[Information supplied]:

=== Section Start ===

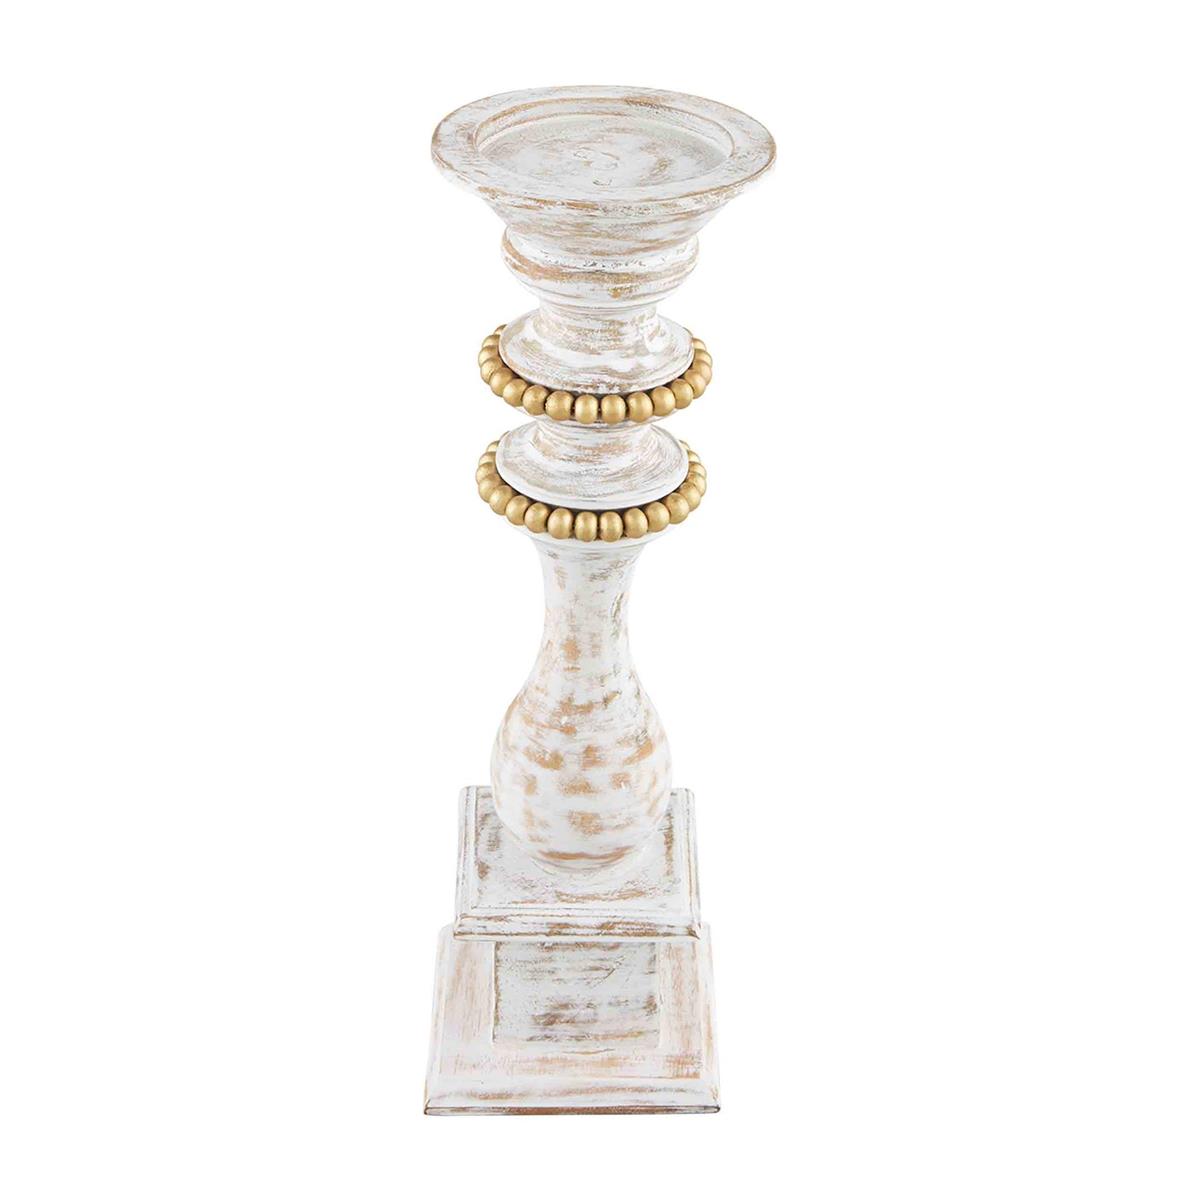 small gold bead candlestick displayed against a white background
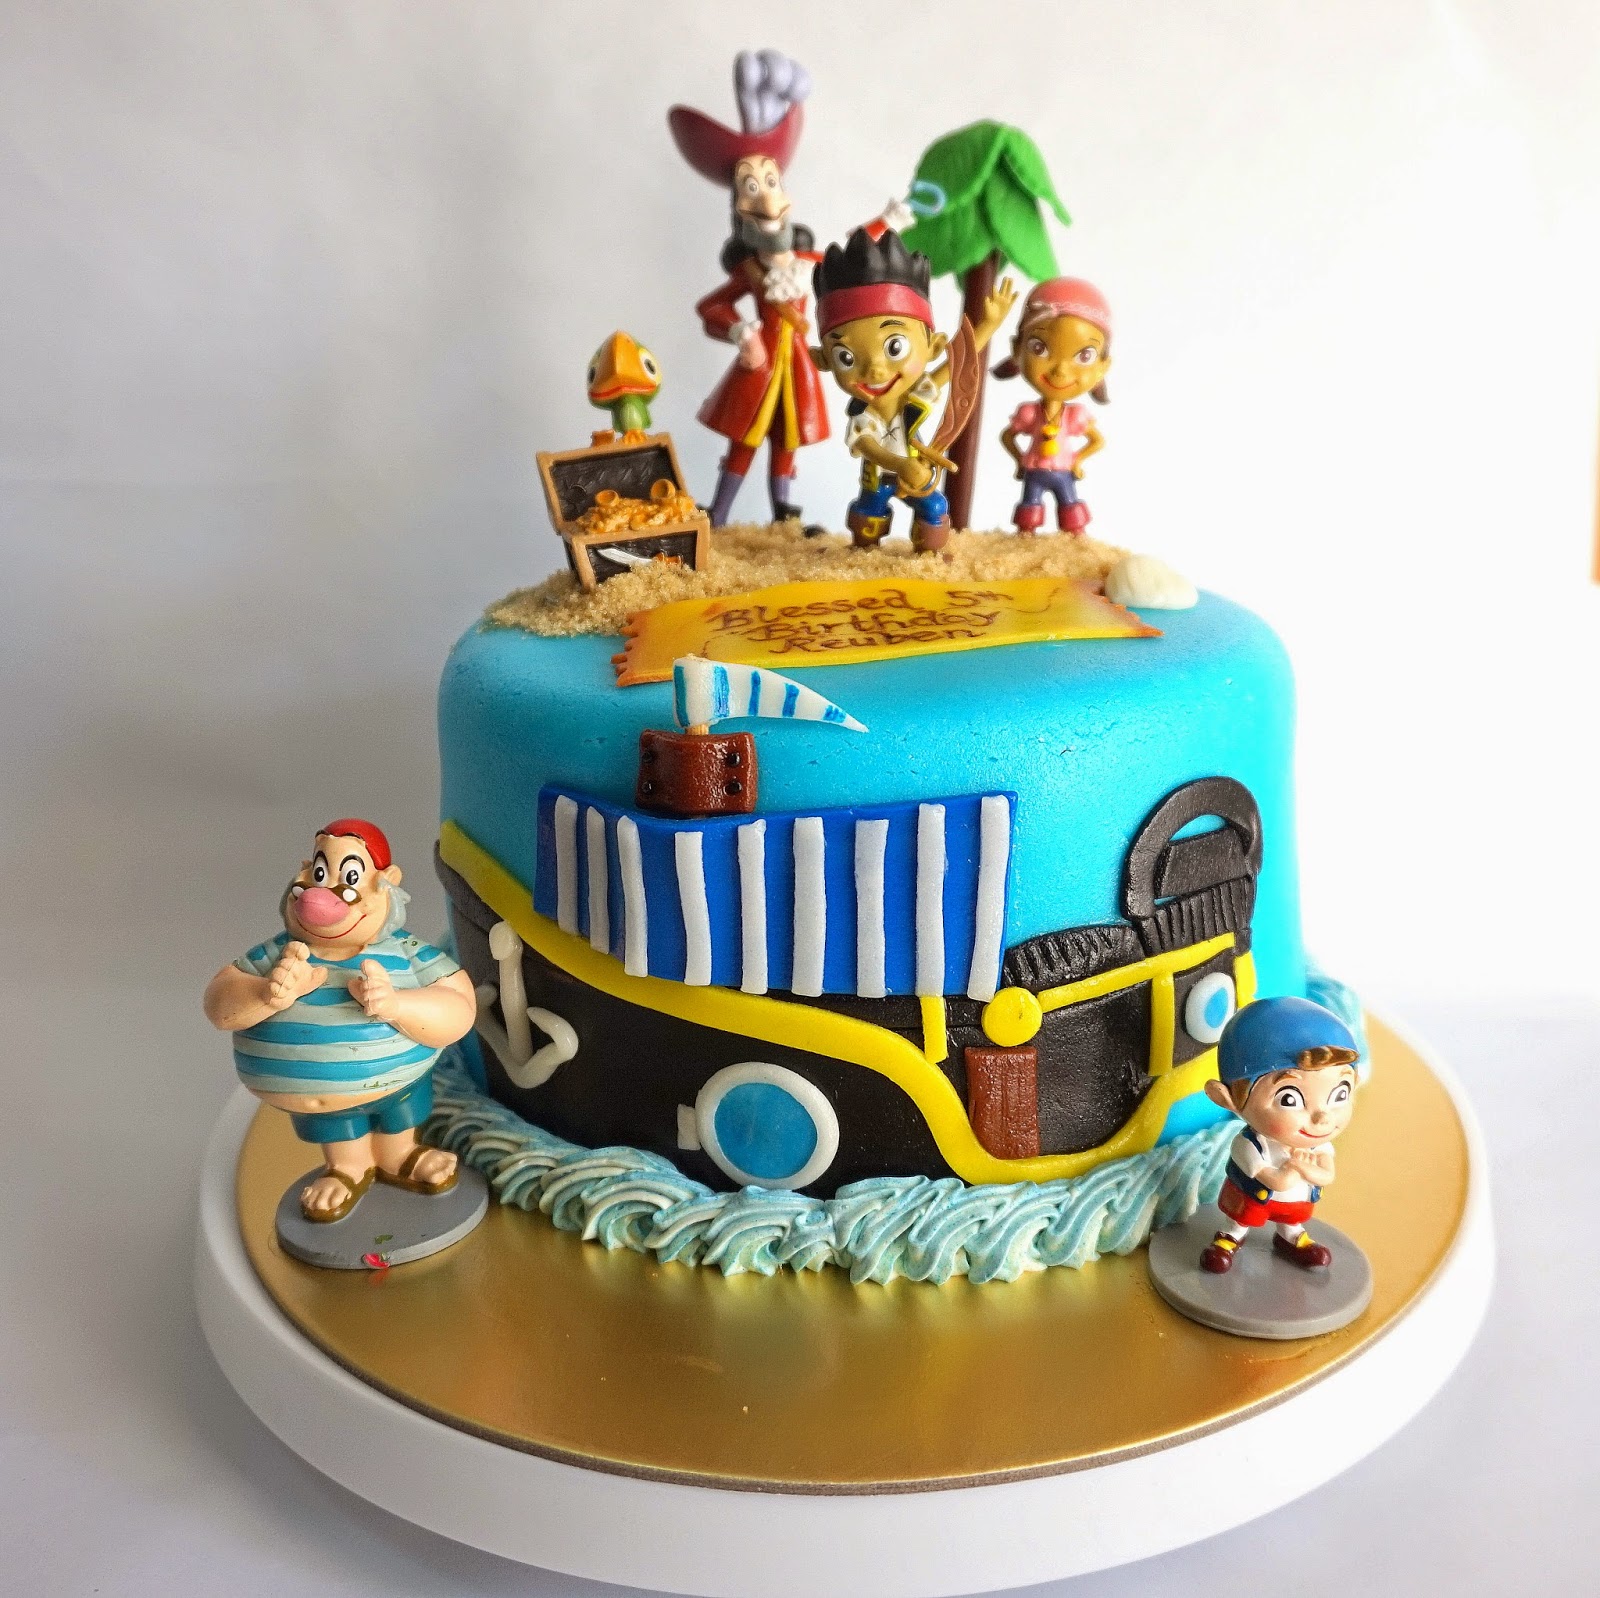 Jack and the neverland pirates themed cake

=== Section End ===
=== Section Start ===

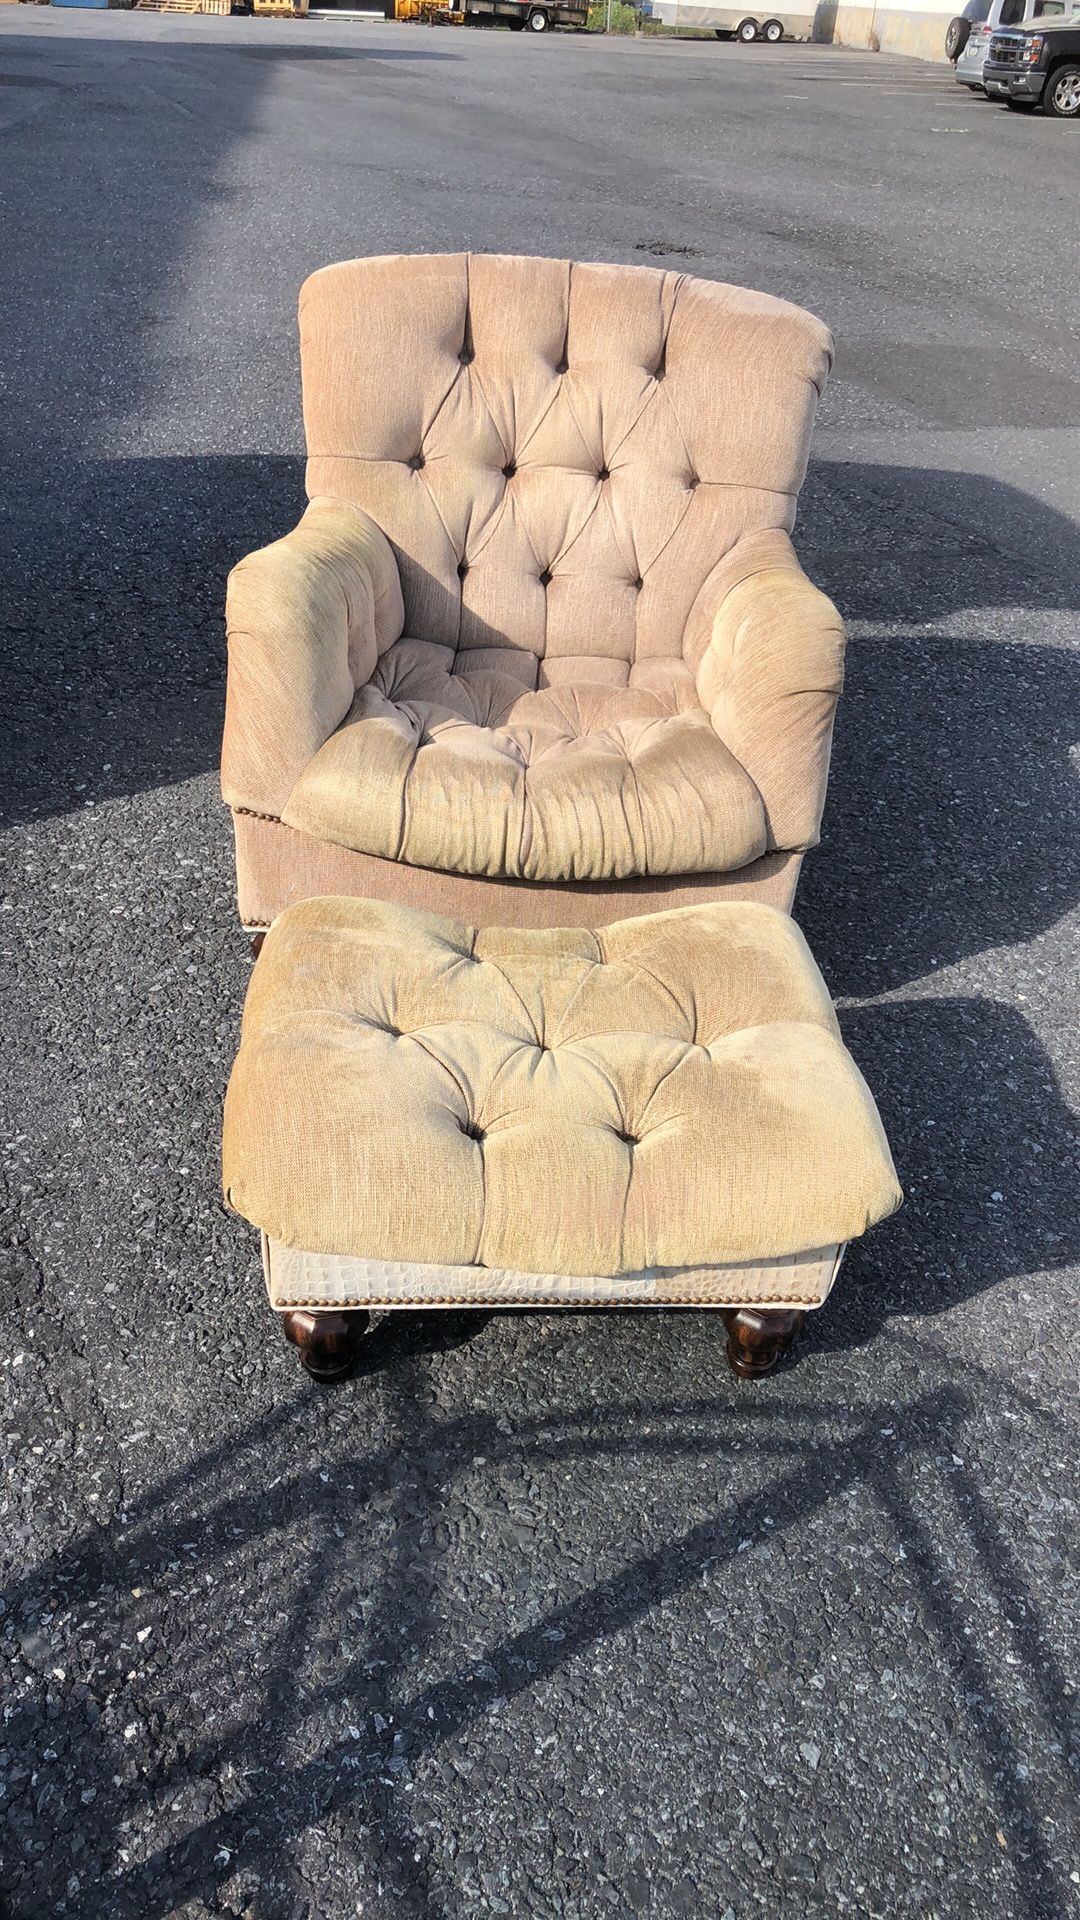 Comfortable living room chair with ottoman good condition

=== Section End ===
=== Section Start ===

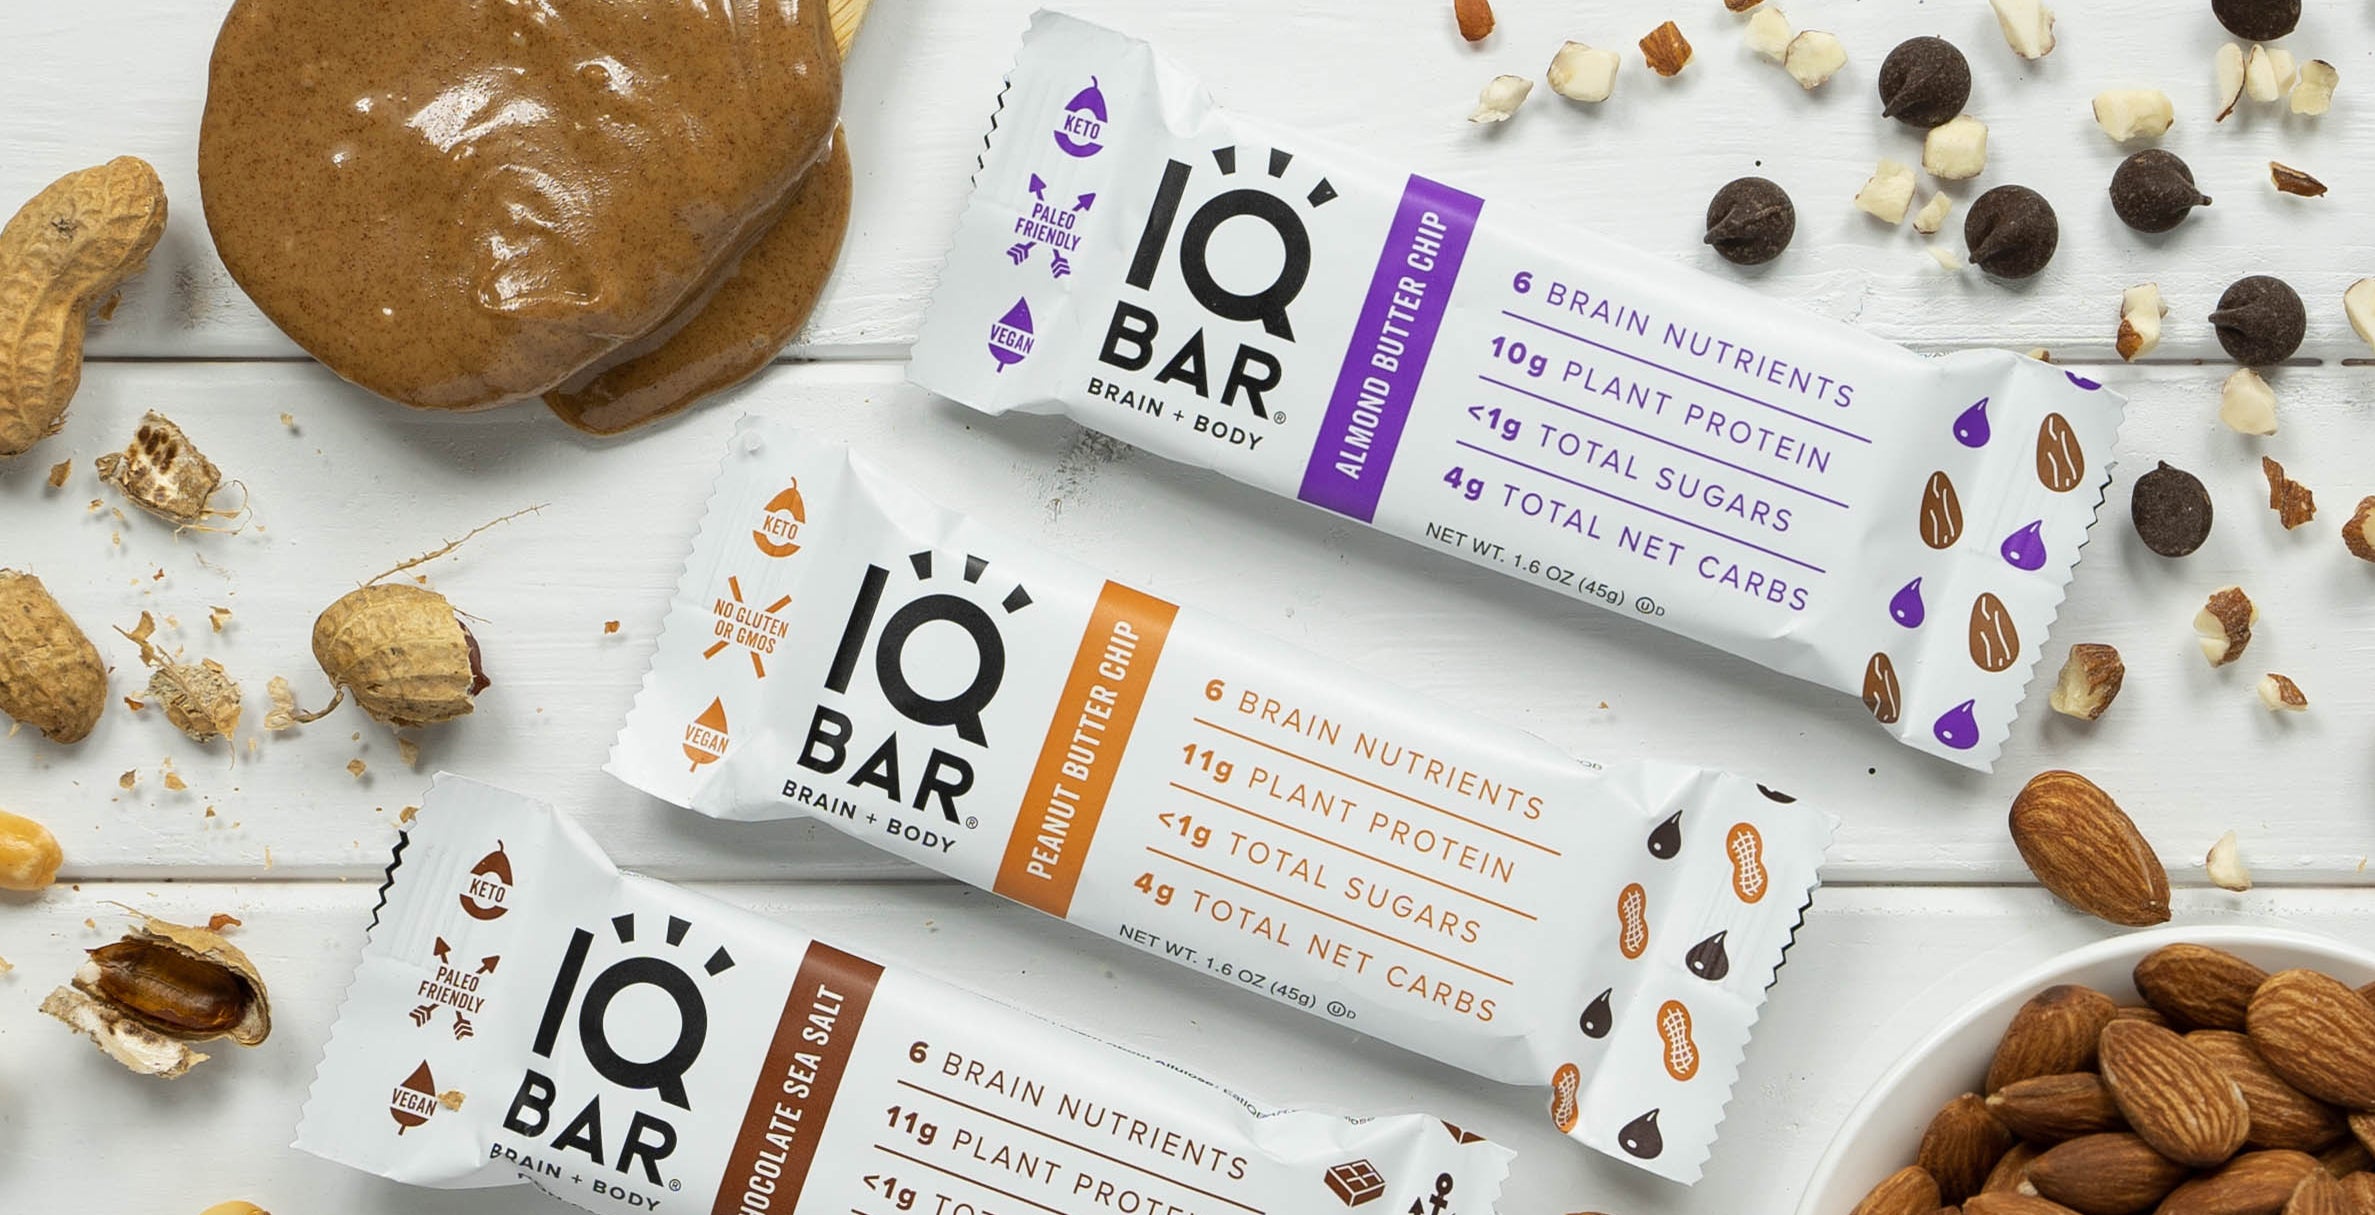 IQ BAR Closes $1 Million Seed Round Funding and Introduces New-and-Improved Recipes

=== Section End ===

Would you transcribe the lines above exactly, going from the line bearing "small gold bead" through the line bearing "Jack and the neverland pirates themed cake", and drop the pictures from the copy?

[Finished task]:
 small gold bead candlestick displayed against a white background
 Jack and the neverland pirates themed cake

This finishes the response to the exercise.